Content warning: This post deals with suicide.
The body of an eight-year-old boy is in the ground.
Before he died, Gabriel Taye was in grade three and had a smile consisting of nothing but baby teeth and cheeky dimples. He had beautiful fuzzy hair and big brown eyes and perfect skin. He loved reading and making friends. He was gorgeous; like all little children are.
But on the 26th of January, hours after dumping his heavy school bag on his bedroom floor, Gabriel suicided on his bunk bed.
“I was in the living room at the kitchen table, and I went back to check on my son and I found him,” Gabriel’s mother Cornelia Reynolds told Ohio media in the days following her tiny son’s death.
“I guess he didn’t know how to tell me stuff was happening.”
On Thursday it was revealed what was happening is bullying – vicious bullying – carried out by children at Gabriel’s Cincinnati primary school. CCTV footage shows that in the week he died, Gabriel was hurled against a bathroom wall and knocked unconscious for seven minutes before an assistant principal and school nurse came to his aid.
The school didn’t tell Gabriel’s mum about the physical assault; instead, they told her he simply fainted.
Cornelia had no idea her boy was being bullied. He took his life two days later.

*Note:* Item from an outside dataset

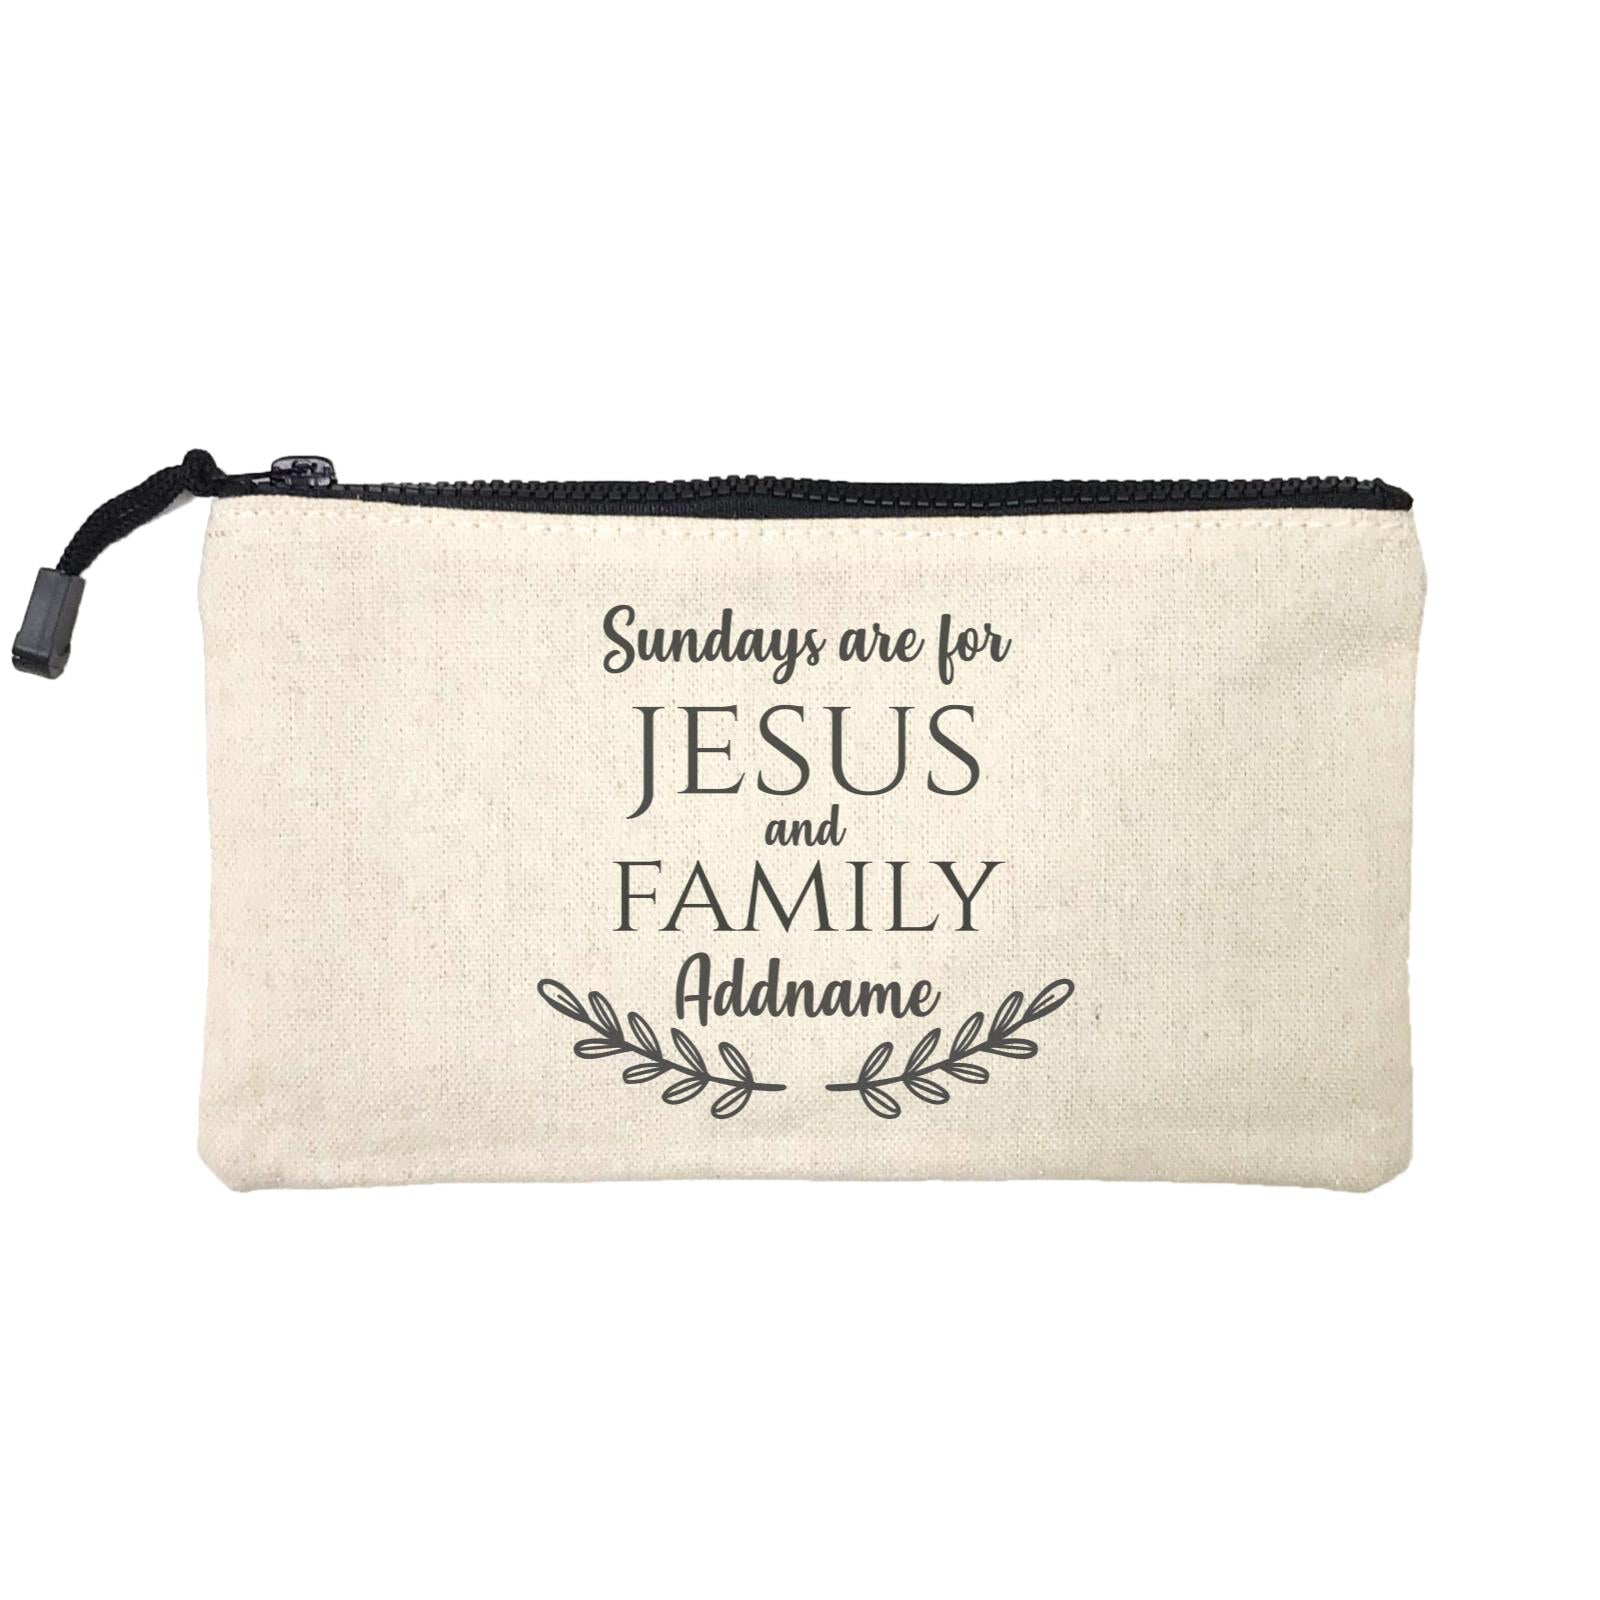 Christian Series Sundays Are For Jesus And Family Addname Mini Accessories Stationery Pouch

“He probably didn’t want to say, ‘Ma, somebody’s bullying or picking on me,’ you know?,” Cornelia said. “He just didn’t know how to tell me.”
Top Comments
I agree with Katherine K, the school principal and the nurse should be charged with manslaughter, for covering up the incident, assault, and violence against Gabriel, this child’s innocence and right to be protected at school was violated by the one’s the mother trusted to protect him, making sure Gabriel, and all other children attending school will be protected from such heinous actions.
The principal and nurse criminal actions are of worse consequence, as their intent was to cover up what was going on at school, the extreme to what bullying was carried out; this demonstrate that both are not competent to be in such position and should be fired from the school and de-registered from their profession to never be in charge of schools or any other employment that will require them to care for children again.

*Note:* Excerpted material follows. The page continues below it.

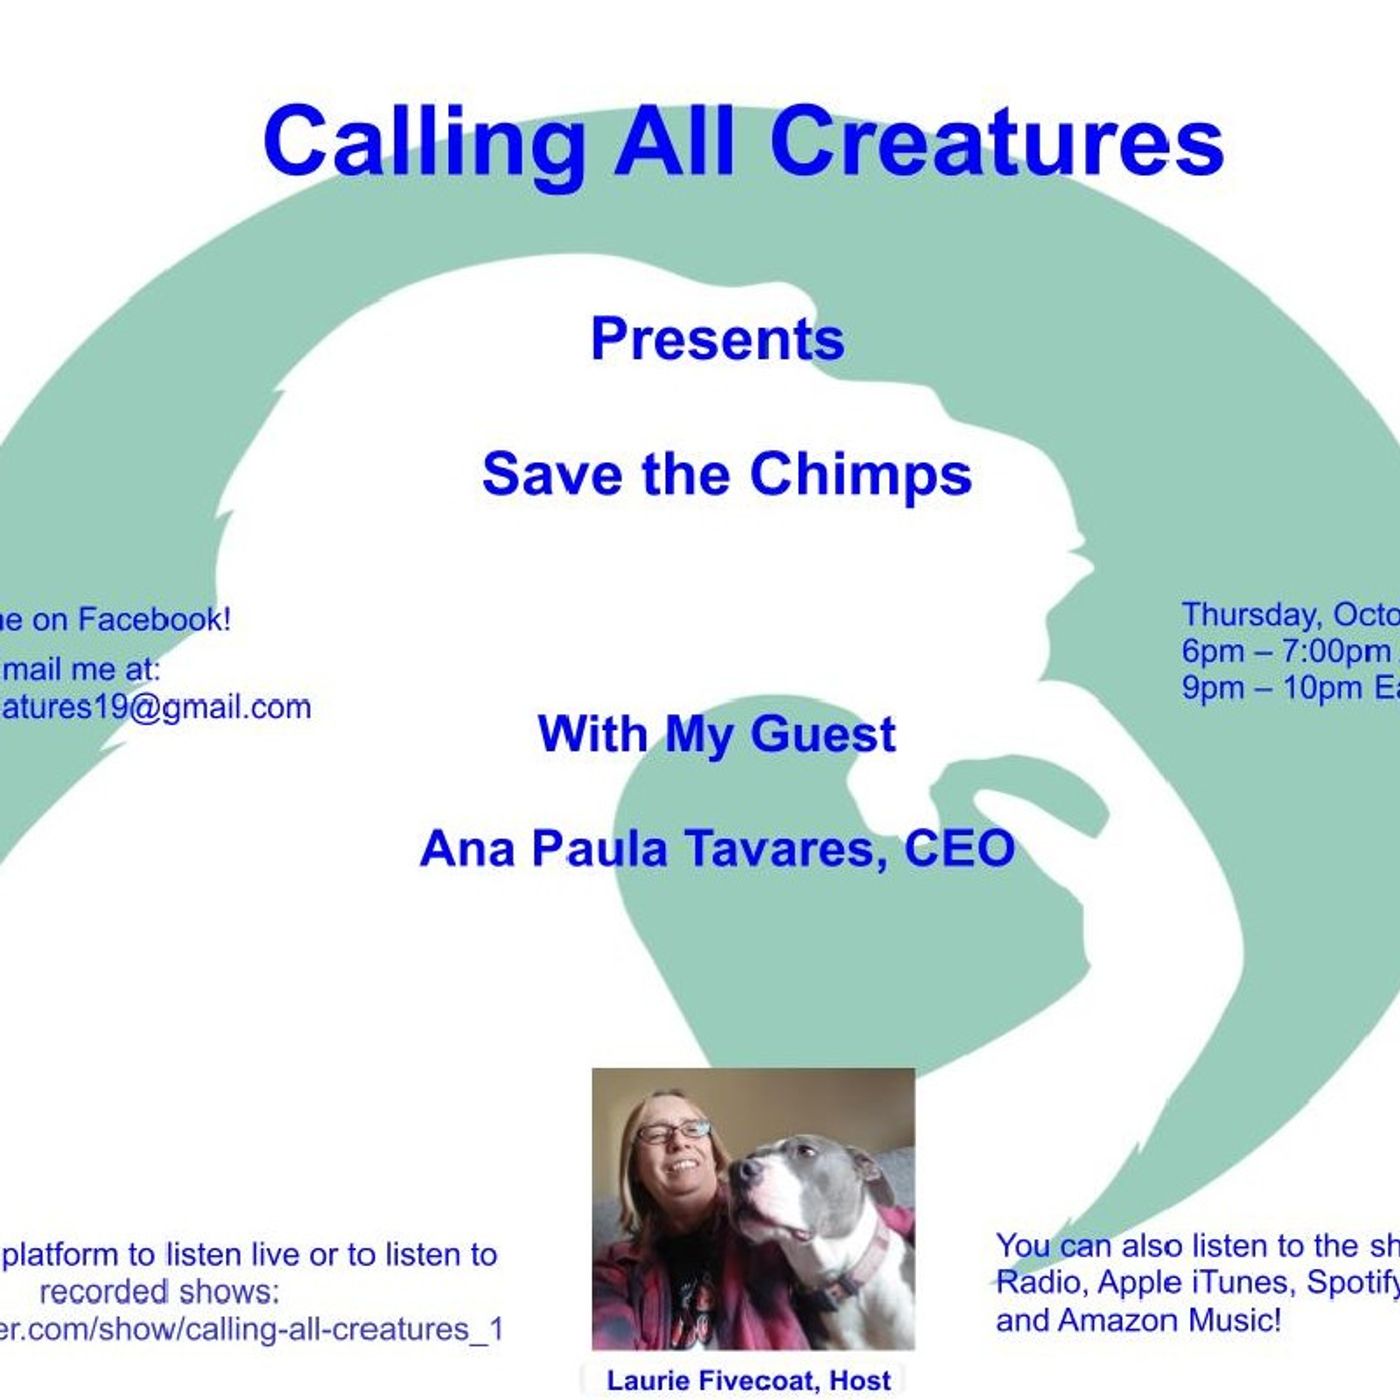 Calling All Creatures Presents Save the Chimps

One thing that helped my son in primary school, was that I volunteered in his school/class, I assisted the arts teacher with some art and handcraft classes, in there I got to know the children, the dynamics of the school during break times and influence my son to make friends with kids that had similar behavior, character and affinities he did; now in his 30th he is still friends with a few of them.
Take care of your children, they are all different, and is hard to find the right way or time to get them to talk, or talk to them, sometimes starting to talk about yourself when you were little might help to start the conversation.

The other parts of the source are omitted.